The law states that landlords and tenants must sign tenancy agreements for rent transactions of over Shs500,000 with clear terms and conditions, which is a good thing as documentation helps in formalising each and every sector. This will also make it easier for government to collect rental tax, which has been elusive as they can ask for tenancy agreements straight from the tenant.
The law also states that a landlord must give a tenant 90 days’ notice about plans to increase rent. This is good because it allows a tenant ample time to find alternative space in case they are priced out by the new rate. This is as good as already in place as big land landlords sign agreements, which stipulate rental increment over time. In several cases tenants on signing say a three-year contract are notified that they will be a certain percentage increment after a particular period of time say a year or two and it is usually stipulated in the contract.
Let’s be realistic: Local content should start from the production phase
When the bill was being debated in Parliament shortly before passed, the State Minister of Finance in charge of General Duties, Gabriel Ajedra was against the idea of compelling landlords to levy rent in Uganda shillings.
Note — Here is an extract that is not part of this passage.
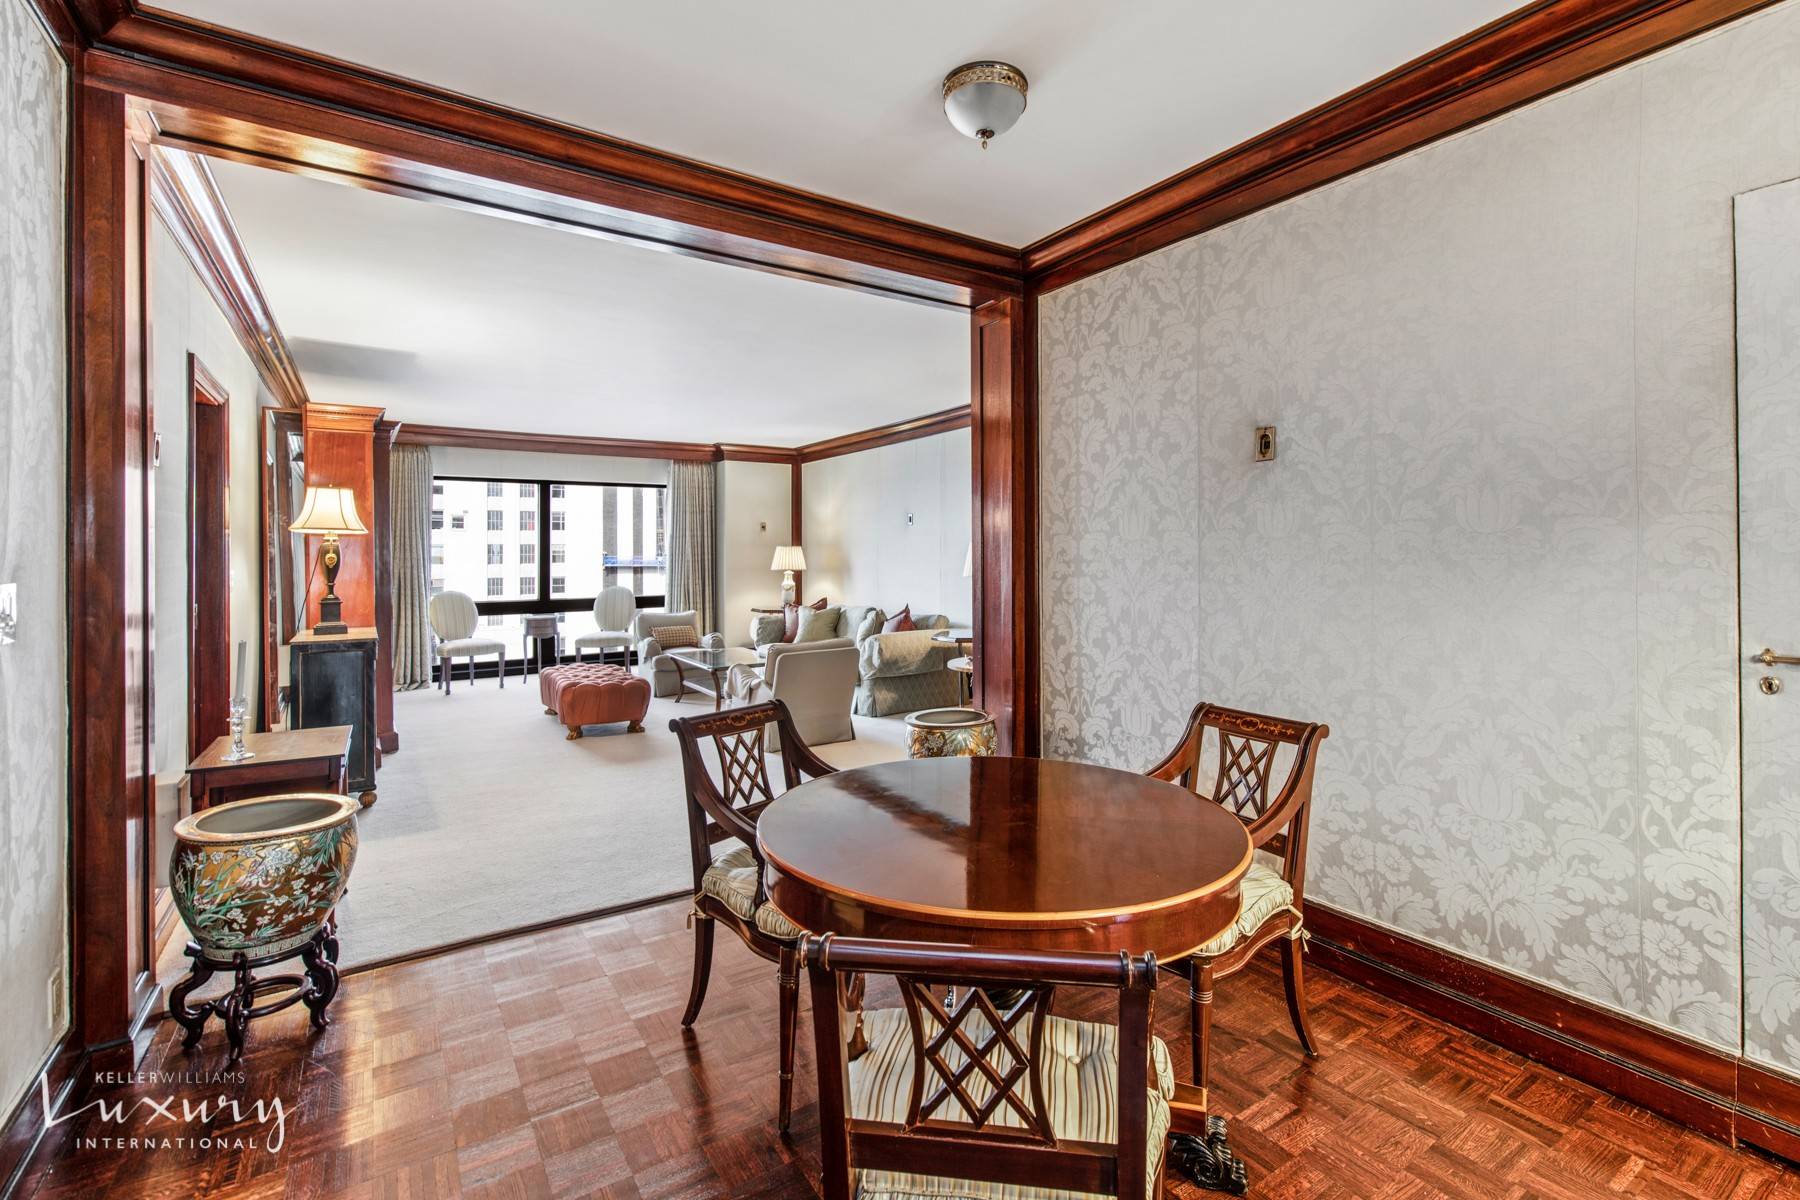 With spectacular views of Central Park, this elegant 1, 070 sq.

Probably he has been exposed to the workings of finance and was advocating for a free market economy that Uganda practices.
However, Trade, Industry and Cooperatives minister, Amelia Kyambadde who has cut out a figure of a darling of traders (once pictured in a PR attempt of vending mangoes on Kampala streets to appear in solidarity with vendors who were being chased off the streets by KCCA) was unhappy that a fellow cabinet colleague was against the new law.
“Uganda is a sovereign state and I think we need to strengthen our currency, we’re advocating for local content then I think we need to be consistent. Two, my colleague in finance should be protecting our currency,” Kyambadde said. What she perhaps forgot was that the traders she is advocating for rarely sell Ugandan made commodities. Arcades are littered with low quality items and knock offs of popular brands imported from China. Traders are importing containers of Niki instead of Nike, Redbook instead of Reebok and Belungiaca instead of the Balenciaga brand that is popular among the youths. Samhung phones instead of Samsung are in plenty. If these traders are empowered to produce quality items locally, then the ripple effect of stabilising the economy will be felt and they won’t bother, which currency their landlords ask them to pay rent.
Museveni knows that charging rent in shillings with a volatile dollar will cause a snowball effect to the already weak economy and it could bring it on its knees. He knows better to sign the Landlords and Tenants Bill into law. But as a politician, he must let the traders feel they are winning something. In reality, it is dangerous for the economy. Already there are tell-tale signs that cabinet is divided on the matter as it turned out when ministers were on opposing terms over the matter on the floor of Parliament.